It’s a little-known fact that stock performance is not evenly distributed (i.e. you don’t have a 50/50 chance of picking a market-beating stock). In fact, despite the S&P 500 gaining about 5.2% between November 1, 2014 and October 30, 2015, less than 49% of the stocks in the index beat the market during that time. In contrast, the 30 stocks from the index which were the most popular among the investors that we track returned 9.5% during that time and 63% of them beat the market. This shows that while hedge funds get a lot of flak from the mainstream media for their performance, it can be rewarding to follow their moves using the right sets of data. Even then, there is never a fool proof strategy to generating returns, as even the collective wisdom of top hedge funds gets it wrong some times, as in the case of some of their top picks from the index like Micron and Anadarko. The data though, shows that following the collective wisdom of select hedge funds can be a very wise move overall.

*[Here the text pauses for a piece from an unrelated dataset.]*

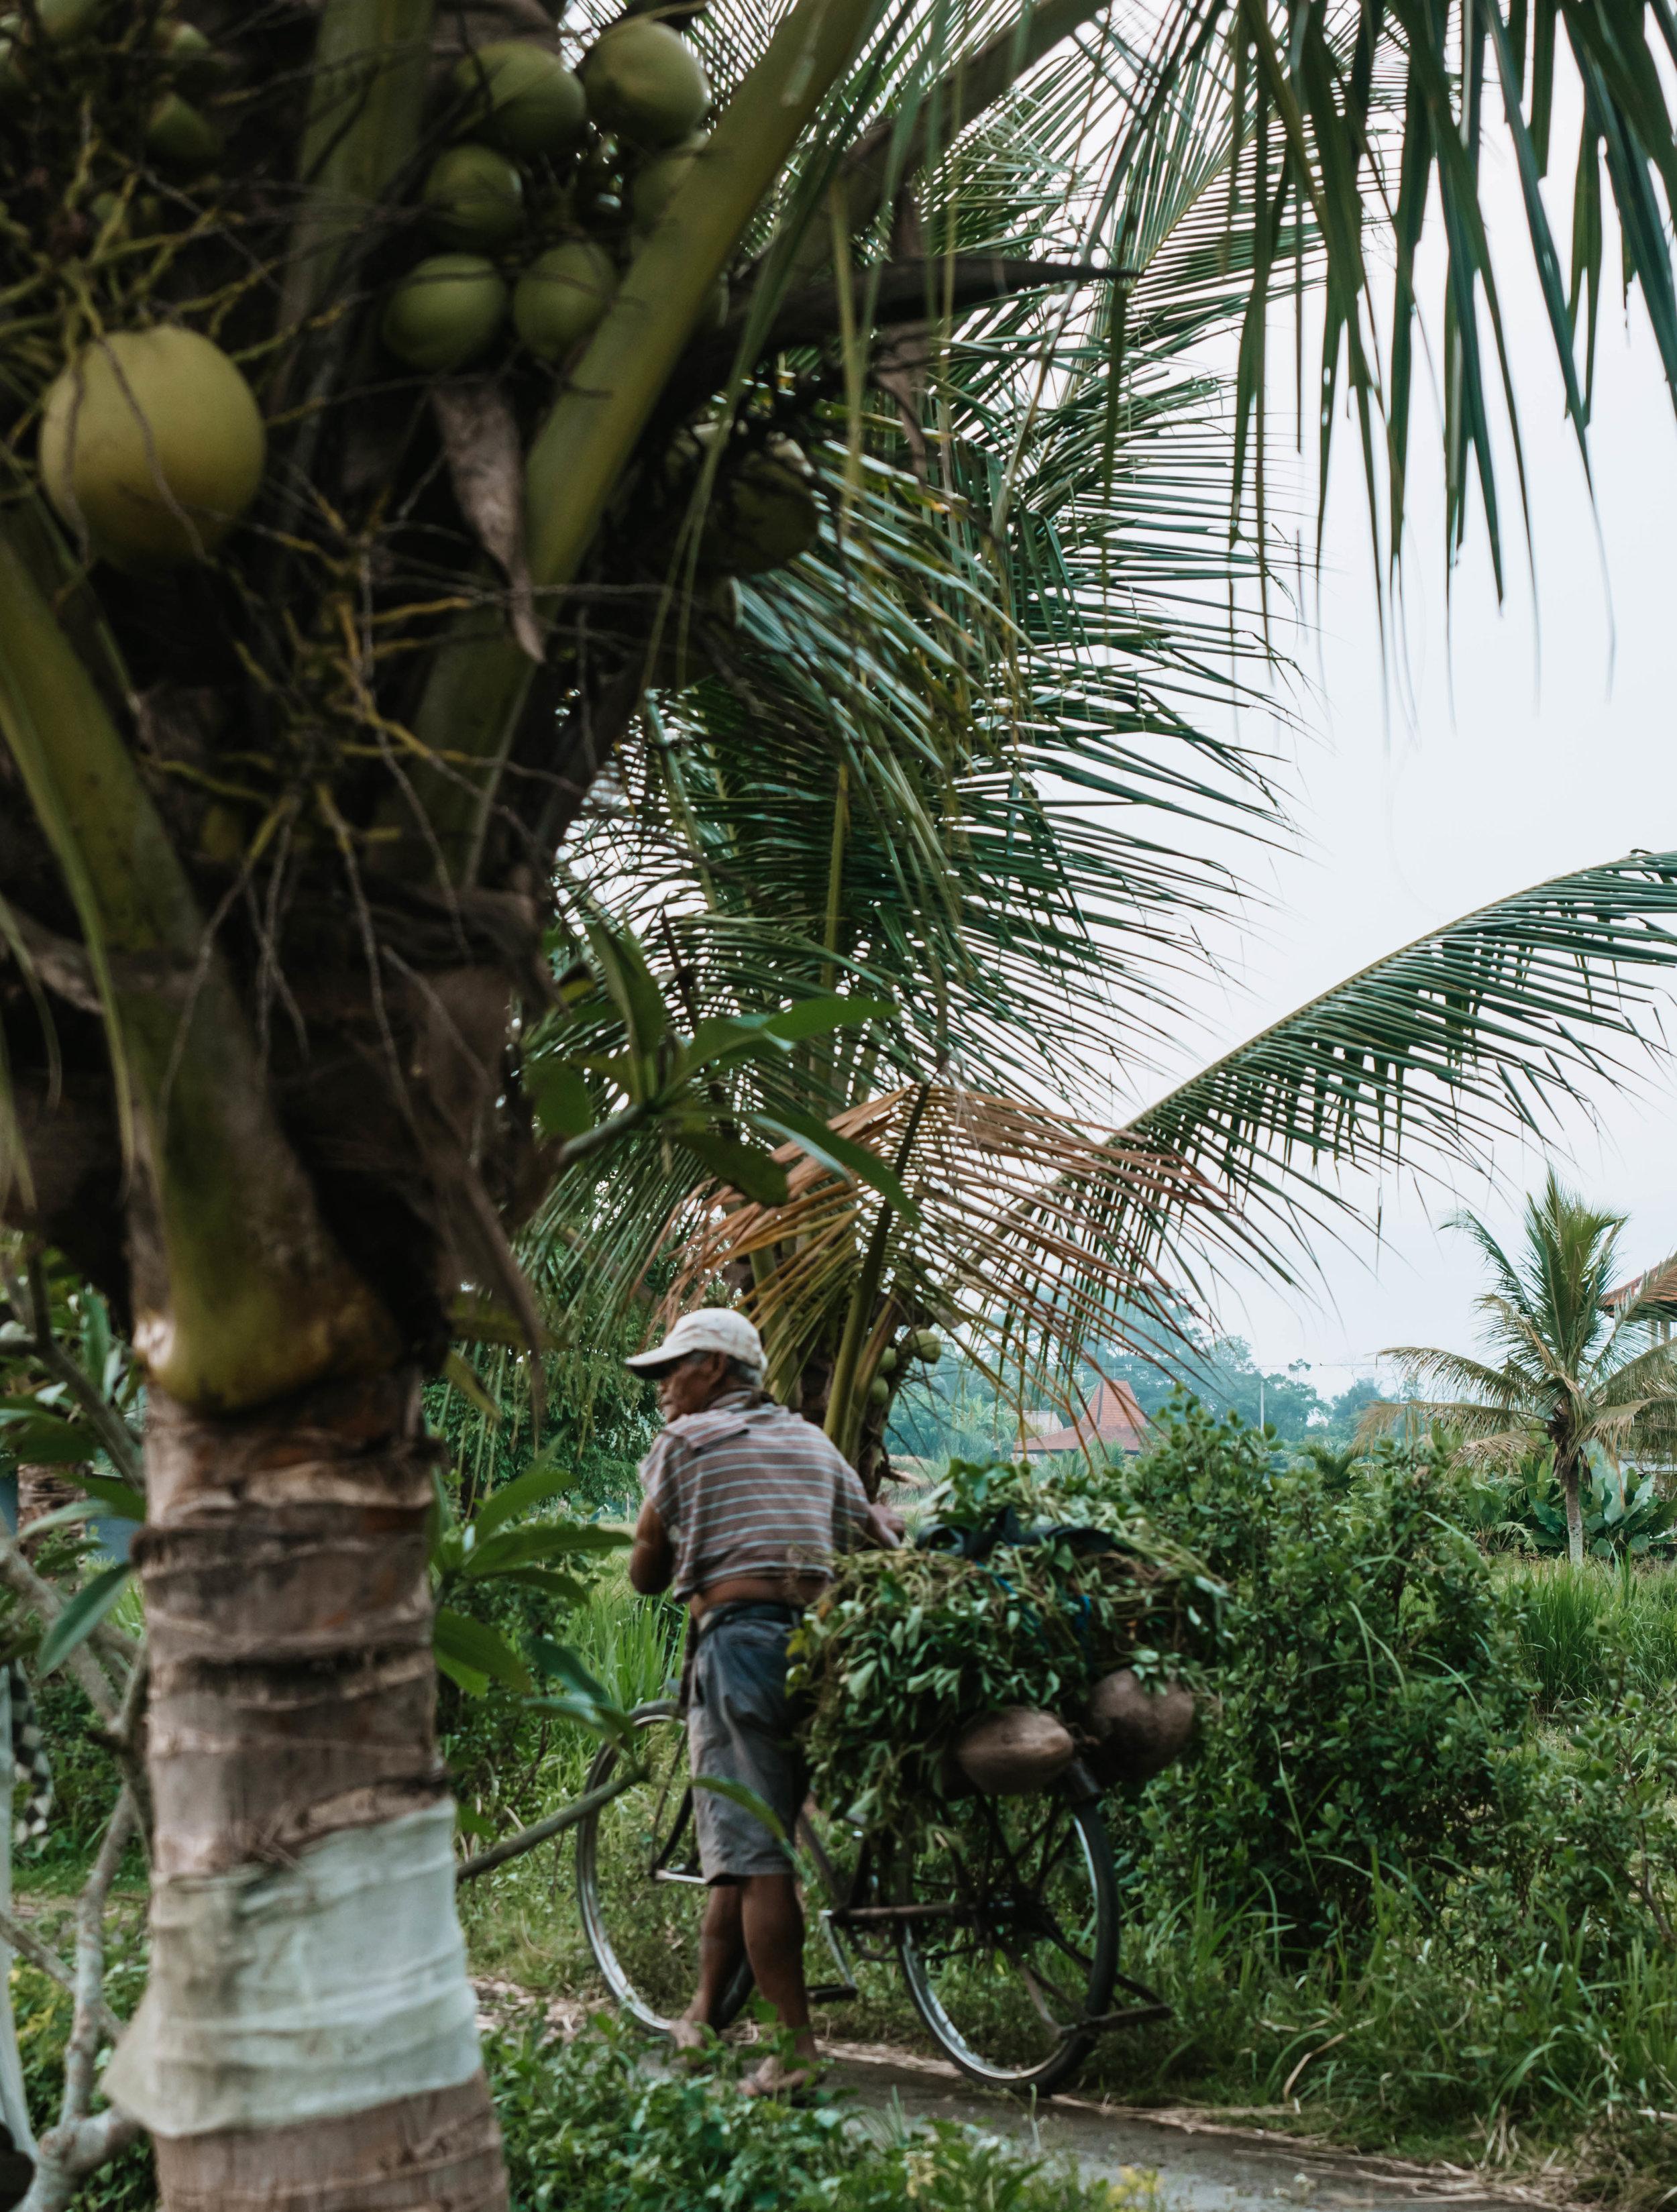 Bali authentic life

Maxwell Technologies Inc. (NASDAQ:MXWL) has experienced a decrease in enthusiasm from smart money lately, which is not surprising, taking into account that the stock is down by over 17% year-to-date. The level and the change in hedge fund popularity aren’t the only variables you need to analyze to decipher hedge funds’ perspectives. A stock may witness a boost in popularity, but it may still be less popular than similarly priced stocks. That’s why at the end of this article we will examine companies such as HORSEHEAD HOLDING CORP. (NASDAQ:ZINC), Hurco Companies, Inc. (NASDAQ:HURC), and Bravo Brio Restaurant Group, Inc. (NASDAQ:BBRG) to gather more data points.
To the average investor, there are plenty of metrics market participants have at their disposal to evaluate stocks. A pair of the most useful metrics are hedge fund and insider trading sentiment. Our experts have shown that, historically, those who follow the best picks of the best fund managers can outperform the S&P 500 by a significant margin (see the details here).
Now, let’s view the latest action regarding Maxwell Technologies Inc. (NASDAQ:MXWL).
How have hedgies been trading Maxwell Technologies Inc. (NASDAQ:MXWL)?
At the end of the third quarter, a total of eight of the hedge funds tracked by Insider Monkey held long positions in this stock, a drop of 33% from the second quarter. With hedge funds’ positions undergoing their usual ebb and flow, there exists a few noteworthy hedge fund managers who were upping their stakes considerably (or already accumulated large positions).
According to Insider Monkey’s hedge fund database, Royce & Associates, managed by Chuck Royce, holds the biggest position in Maxwell Technologies Inc. (NASDAQ:MXWL). Royce & Associates has a $7.3 million position in the stock, comprising less than 0.1%% of its 13F portfolio. The second most bullish fund manager is Levin Capital Strategies, led by John A. Levin, holding a $4.9 million position; 0.1% of its 13F portfolio is allocated to the stock. Other professional money managers with similar optimism encompass Philip Hempleman’s Ardsley Partners, Paul Solit’s Potomac Capital Management, and Israel Englander’s Millennium Management.